To the above three ends mentioned, and to other aspects of the code I fail to judge—I'm open to critique, with great regards to the reviewers.
Although outside the scope of this site, a small comment on the quality of this code from an employability perspective would be highly appreciated.
from scipy import sparse
from tqdm import tqdm
import matplotlib.pyplot as plt
import numpy as np
class MatrixFactorisation():
"""
A class implementing sparsity optimised methods to factorise a provided (m*n) sparse matrix into two factor matrices of dimensions (m*k) and (n*k), with 'k' specified; designed with collaborative-filtering recommender system applications in mind.
For a matrix R, we compute the decomposition matrices P, Q: R{m*n} = P{m*k}•Q^T{k*n}
The class object is initialised with a sparse input matrix, and the value of 'k'. Even if the data is dense, consider casting it into a sparse format.
Class contains methods to factorise R, considering it either as explicit or implicit data, i.e. considering only the non-zero values for
learning, or considering the entire dense version of the matrix, including zeros, respectively.

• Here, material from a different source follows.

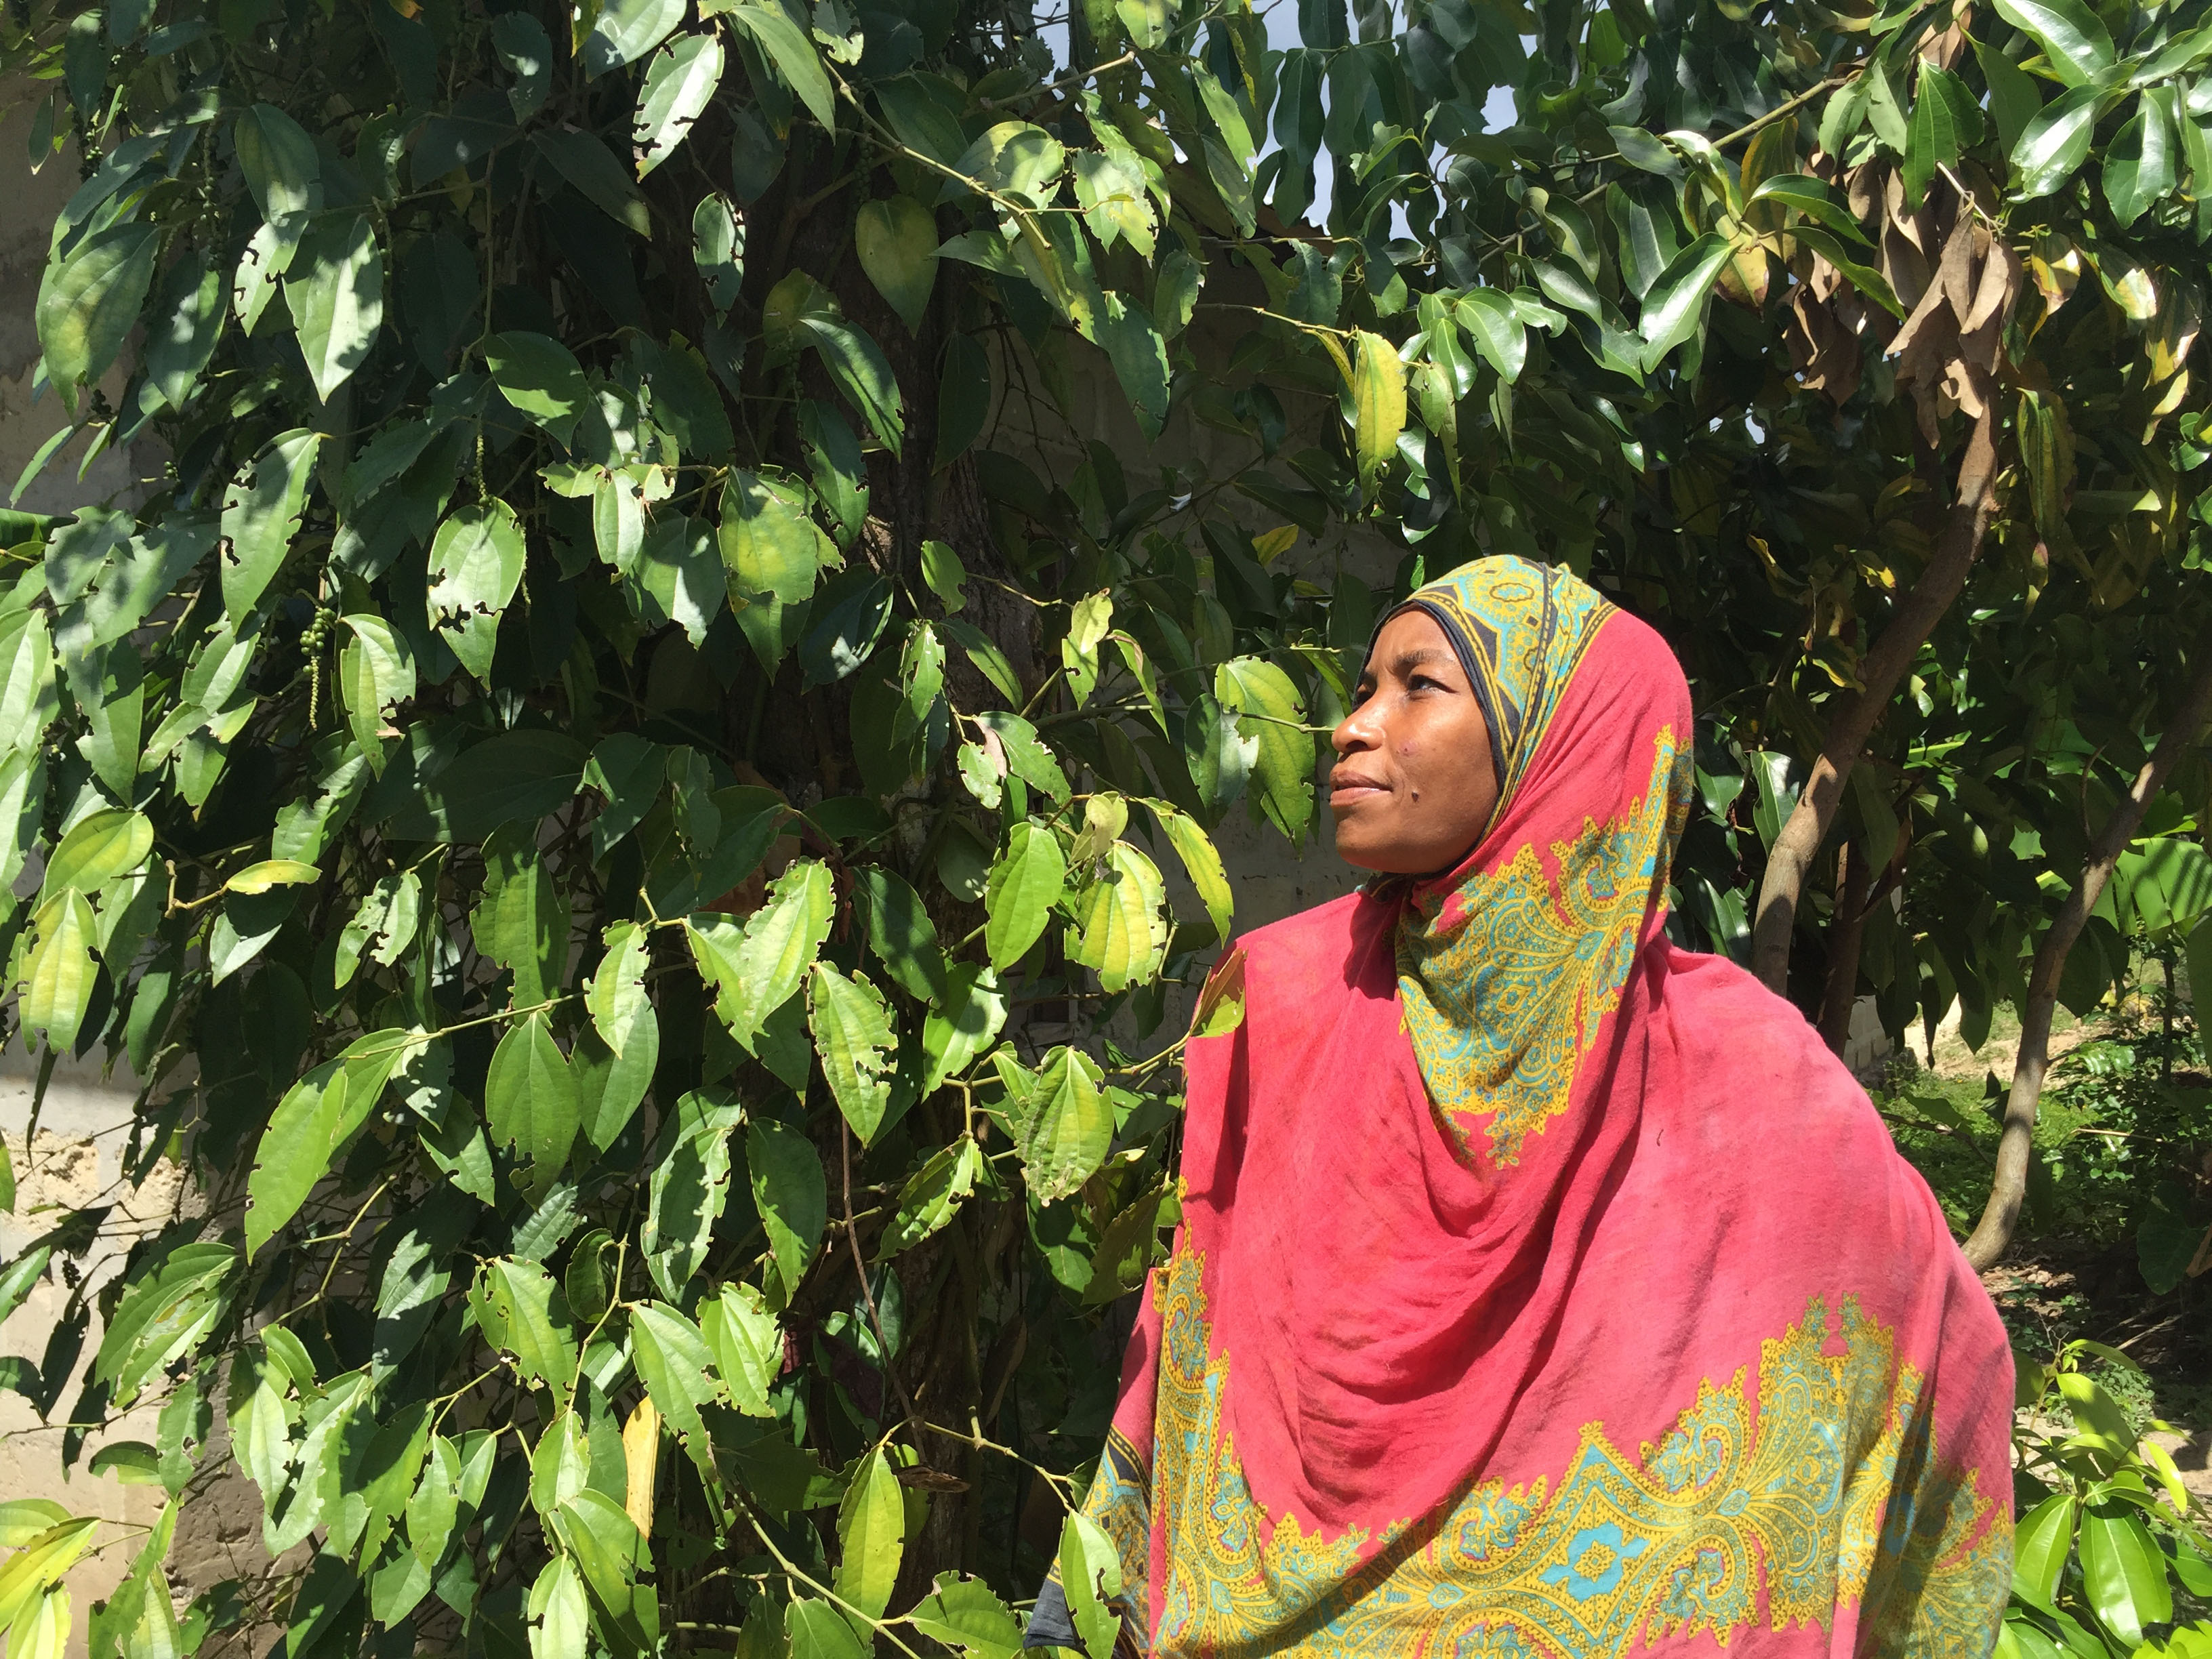 Salma Zaharan from Kiongoni Village with black pepper vines in her garden.

For a more informative discussion on explicit and implicit interpretations of matrix data, refer to http://yifanhu.net/PUB/cf.pdf
If matrix R represents feedback values (ratings, view counts etc.) for "items" each described by a column of R, provided by "users" each described by a row of R,
then the factors P, Q represent vector embeddings of "user" and "item" profiles in a common k-dimensional embedding space.
The class also implements a method to plot the training and validation learning curves.
Methods:
- gradient_descent
- sgd
- als
- plot_learning_curve
"""
def __init__(self, R:sparse.csc_matrix, k:int, verbose:bool=False ):
self.R = R # R is the "ratings" matrix to be factorised
self.k = k # hyperparameter k is the number of latent factors desired in the factorised embeddings
self.m, self.n = R.shape
self.P = np.random.rand(self.m, k) # initialising the first factor embedding (of "users")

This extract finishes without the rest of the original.